慢性的な炎症が起こることで食道の機能(蠕動して食事を胃に送る)が障害され、のどのつまり感や食事が降りて行かないような感覚が生じます。
アレルギー源が分かる場合は、アレルギーとなる食物を避けてもらうことが多いですが、わからない場合は薬物療法を行います。

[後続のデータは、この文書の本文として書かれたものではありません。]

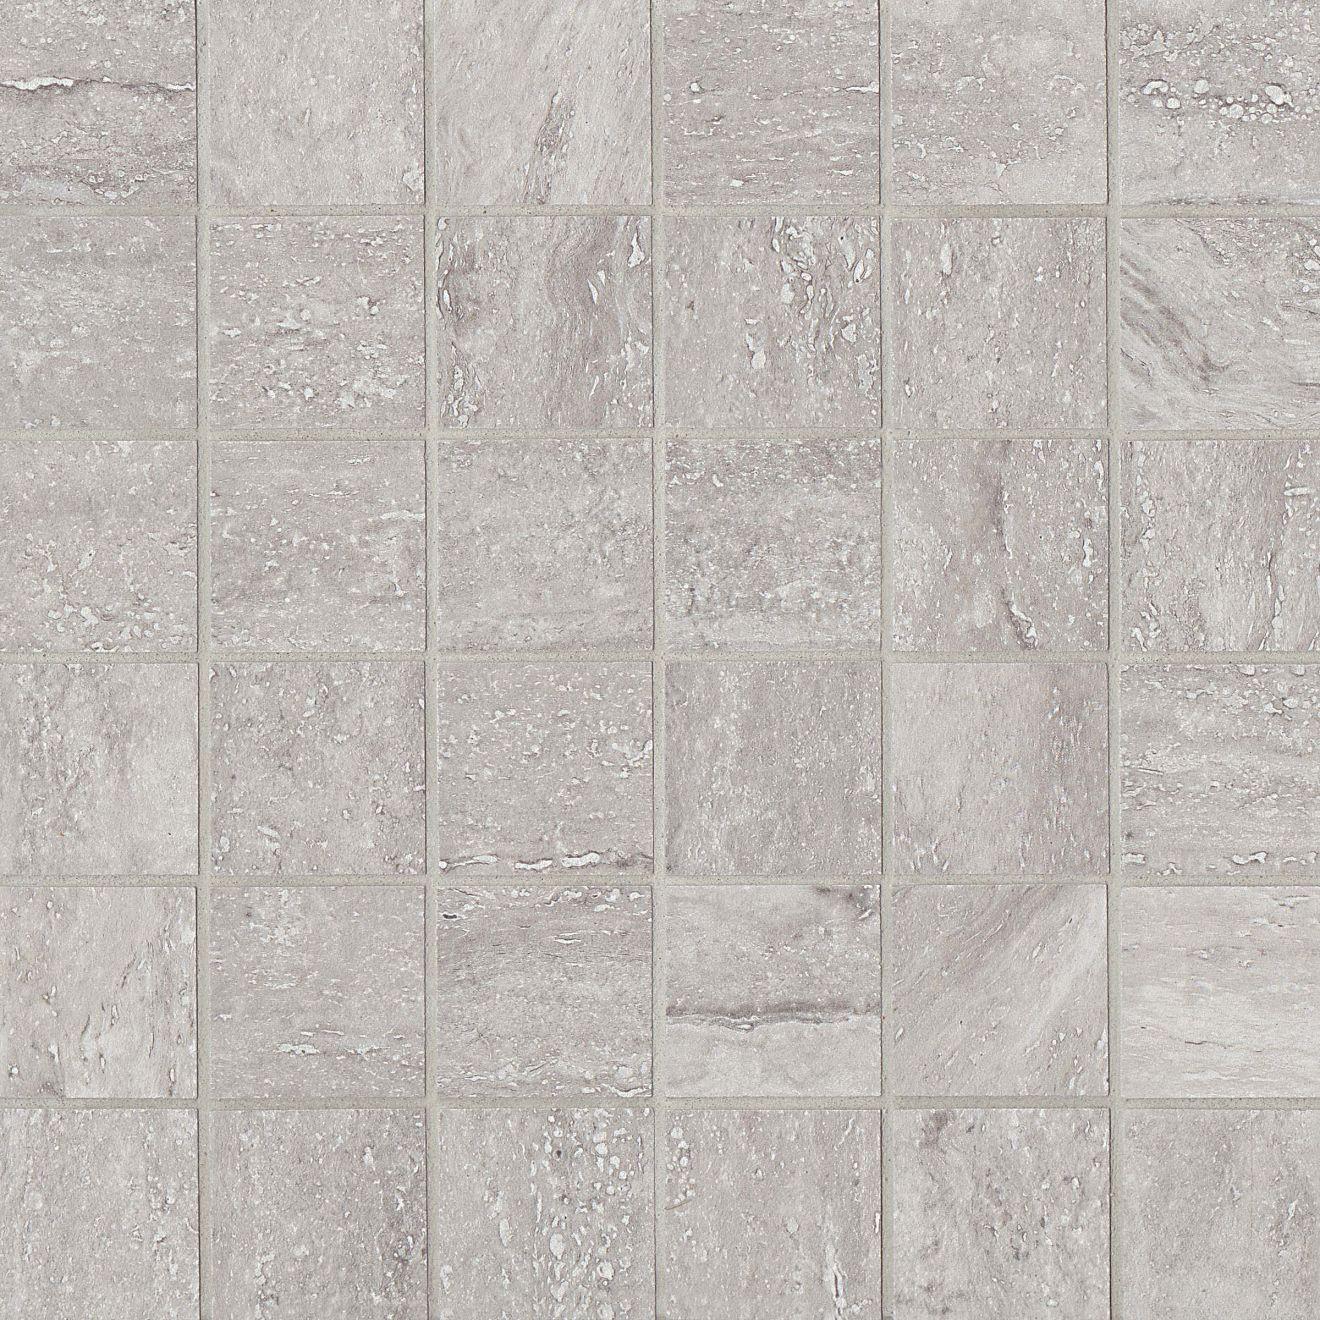 "Toscano 2"" x 2"" Floor & Wall Mosaic in Grigio"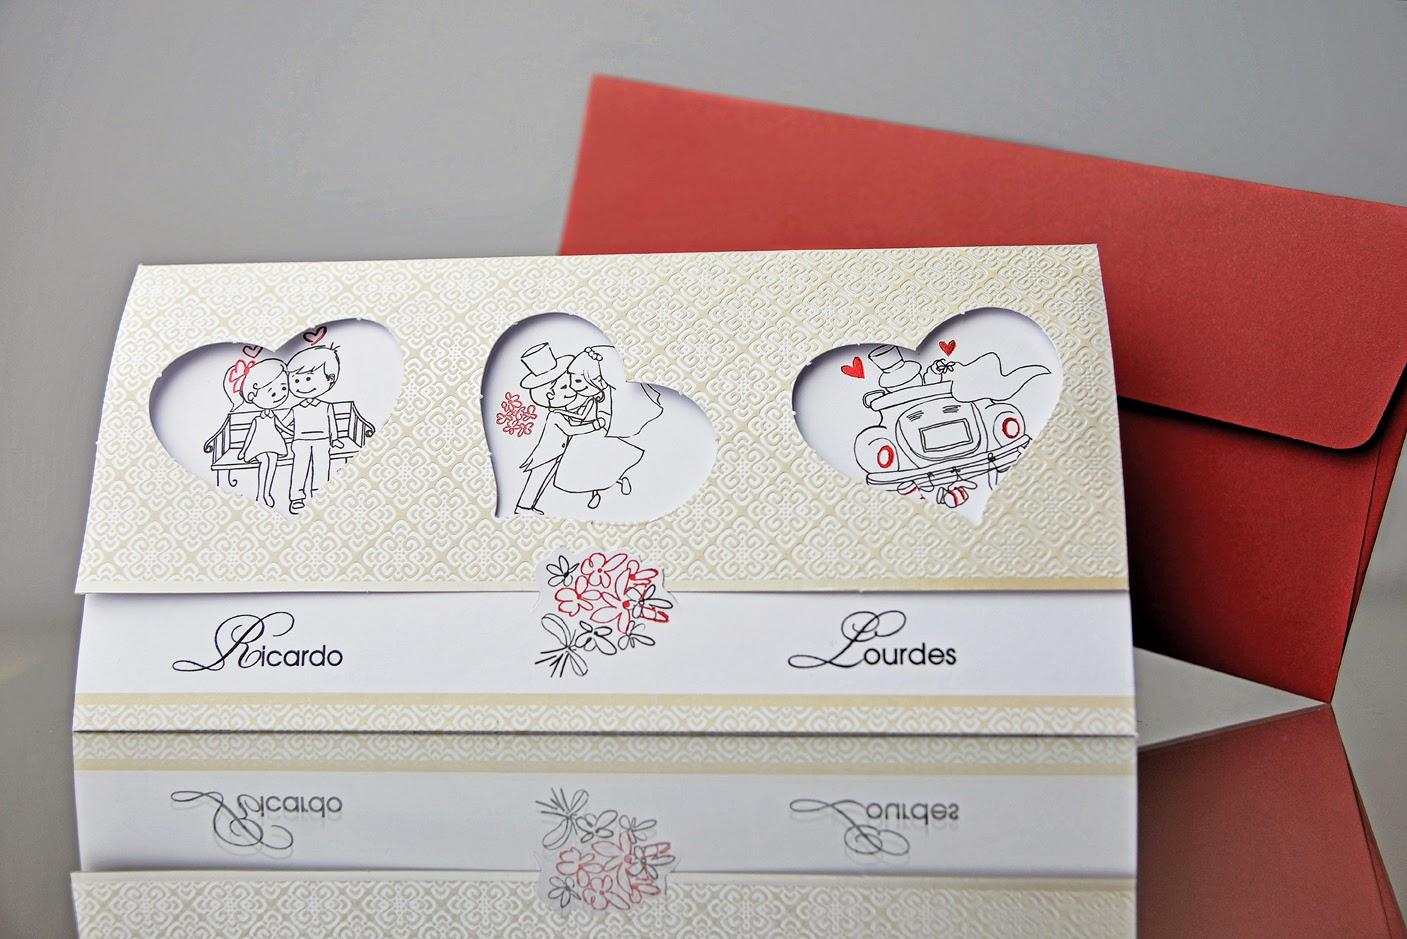 imagenes chistosas para matrimonio - Las Fotos Mas Graciosas e Insolitas de Bodas Miralas

今回のケースでもアレルギーの原因が特定できなかったため、投薬治療を行いました。
<治療内容>
1.制酸薬
2.漢方薬
アレルギーを抑える漢方薬も有効との報告があり、薬自体の副作用も少ないため今回はPPIと併用して使用しました。
【経過】
投薬を開始してから数日間は症状があったものの、8日目くらいからは症状が出る頻度が減ったような感じがして、1か月経過する頃には症状がほぼ出なくなったとのことでした。
ただ前述のように、薬物療法で一旦症状が落ち着いた場合でも、やめてしまうと1年以内に半数以上の方が再発してしまうため、しばらく薬は継続して様子を見る方針としました。
今回は幸いPPIと漢方の併用が非常によく効いてくれましたが、改善が乏しい場合はステロイドや免疫抑制剤などのアレルギー反応を強く抑える薬を併用し治療するケースもあります。